VIOLENCE IS NOT THE ANSWER
RESOLVING THE UNSOLVABLE
For a survivor of the January 6th violence, Michael Fanone has demonstrated great courage in speaking out against the violence inflicted on Charlie Kirk, a person who actively supported the Jan. 6th insurrectionists.
I agree with Michael Fanone. Violence should have no place in political discourse - not even in political hate speech. But what the “violence has no place here” crowd is failing to understand is that this country was BUILT on violence. As I study US history, I am forced to recognize the European forefathers’ brutalization and murder of thousands upon thousands of native people - WHY? because they had God on their side. With this Manifest Destiny, the white man was given clearance to kill native Americans, rob and enslave black people under the guise of white skin superiority. Both Teddy Roosevelt & Woodrow Wilson subscribed to the pseudoscientific theory that whites were superior to blacks. These racist ideas are not new. Charlie Kirk was following the same losing game plan. He worked hard to convince the unschooled youth of this country that blacks are inferior. And many whites loved him for his vocal bravery.

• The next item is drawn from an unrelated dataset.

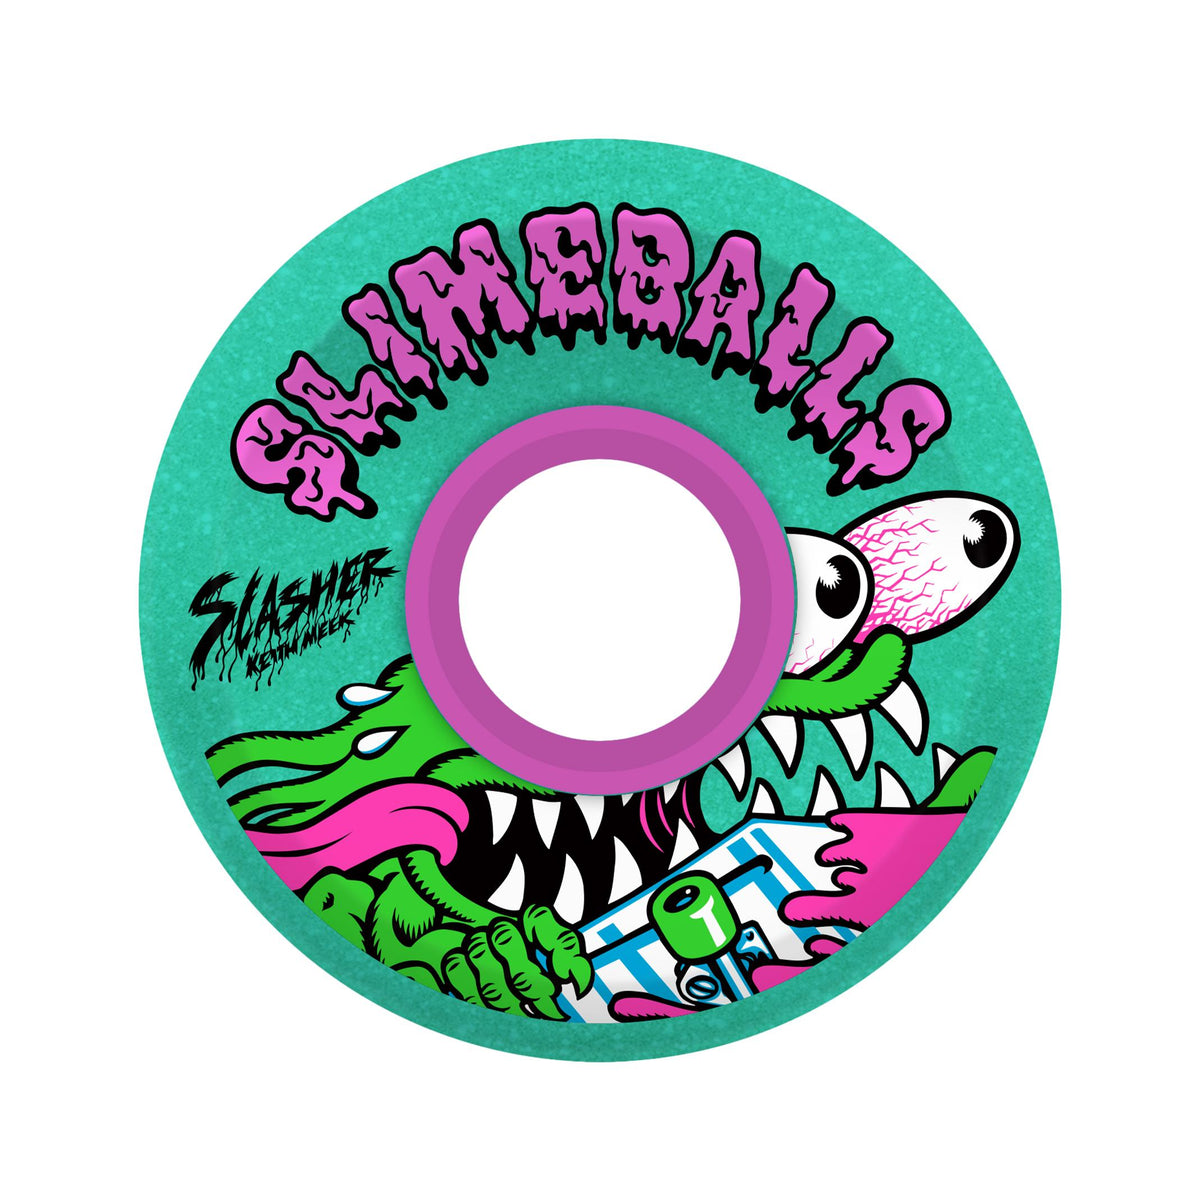 Slime Balls 60mm Meek Slasher OG Green Glitter 78a Wheels - Venue Skateboards

It’s no mistake that the rise in overt racism comes after the first black man was elected president. For eight years, there were no scandals, no embarrassing test scores to parade as proof that blacks are less intelligent. Barack Obama was the real deal, not because he was black or “part white” but because he was simply a bright, thoughtful, decent, and brilliant man, and *gasp - white people loved him.
Enter the Tea Party- “Take our country back” had been their slogan. Granted, many Tea Partiers - once the racist upwelling began - left the party, leaving a vile and hateful core ready to indoctrinate people like Charlie Kirk, and when a white person tells me Kirk was one of the good guys, I can read the subtext. Charlie Kirk was unafraid to say the quiet parts out loud.
You are right, Mr. Fanone, violence should have no place in political discourse. It should have no place in a peaceful culture at all - but it does, and honestly, it always has.
I taught high school English for more than twenty years. After the beginning of the Iraq war, I posed a question to my ninth and tenth graders:
We can send messages around the world in nanoseconds, we can solve unsolvable diseases, we can read license plates from outer space, we can put a man on the moon, but when it comes to settling differences, our only recourse, it seems, is to resort to violence/war. WHY?